O controle externo, como sabemos, é realizado pelo Poder Legislativo, com o auxílio dos Tribunais de Contas[2]. Consiste, assim, na fiscalização contábil, financeira, orçamentária e patrimonial do ente da federação e das entidades da administração direta e indireta. Além disso, devem prestar contas qualquer pessoa física ou jurídica, pública ou privada, que utilize, arrecade, guarde, gerencie ou administre dinheiros, bens e valores públicos ou pelos quais os entes federados respondam, ou que, em nome destes, assuma obrigações de natureza pecuniária.

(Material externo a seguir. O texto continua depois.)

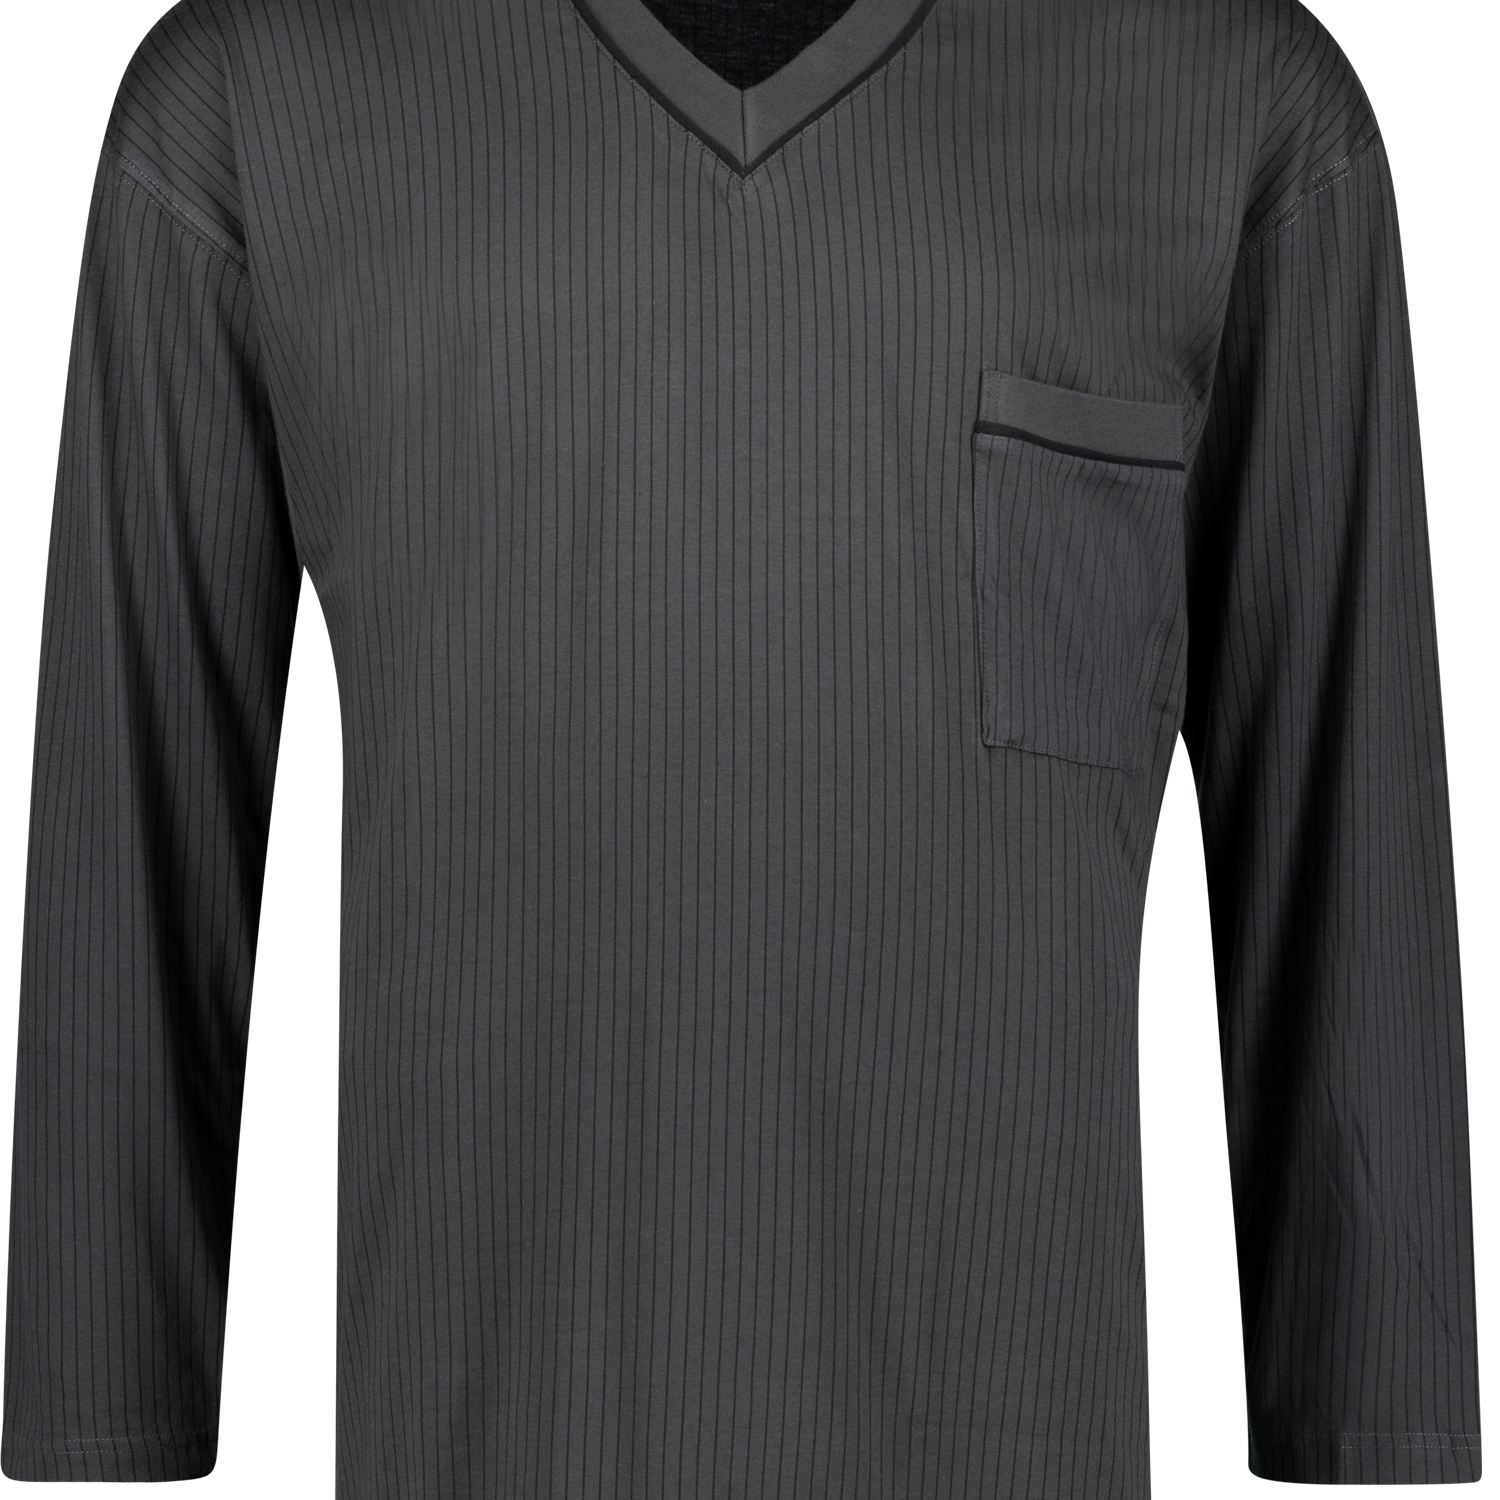 Langarm-Nachthemd von Adamo in anthrazit mit schwarzen Streifen bis Übergröße 10XL

A competência do controle externo pode, ainda, ser vista no artigo 71 da Constituição Federal, sendo exemplo o julgamento de contas, a realização de inspeções e auditorias, dentre outros.

Com competências assim tão relevantes, fato é que, há tempos, a sociedade vem reivindicando dos Tribunais de Contas um controle não só formal, mas material. É natural que o desejo do contribuinte seja, pois, realizado. Afinal "de contas", é o cidadão que com os seus tributos suporta a estrutura das Cortes de Contas, sendo mais que compreensível, também, que cobre do controle externo resultados no mínimo à altura dos valores que lhes são dispensados. Certamente, não faria sentido manter-se uma tal estrutura sem que os resultados esperados não fossem ótimos.

Nesse contexto, a Constituição Federal (CF), além do princípio da legalidade, requer eficiência, moralidade, impessoalidade, publicidade (artigo 37), legitimidade e economicidade (artigo 70). Em relação ao DF, a Lei Orgânica do DF, autêntica Constituição local, vai além e literalmente alude aos princípios da razoabilidade, motivação e interesse público (artigo 19). Tais dispositivos são mais do que suficientes para os fins a que se destinam.

Em sendo assim, as Cortes de Contas devem atuar em obediência aos mandamentos constitucionais antes referidos, pronunciando-se sobre todos os aspectos que são postos a julgamento, não apenas formais, mas, substanciais. E quando o controle externo assim age, o cidadão e o Estado só têm a ganhar. Muitas demandas podem deixar de ser ajuizadas, evitando o já claro e inquestionável congestionamento do Poder Judiciário. E, desse modo, cada vez mais, os processos que tramitam pelo controle externo tendem a se aperfeiçoar, enriquecendo-se com a chegada de novos atores que confluem para a tomada de suas decisões, tais como os Sindicatos (art. 8º, III da CF), cidadãos organizados e muitos outros.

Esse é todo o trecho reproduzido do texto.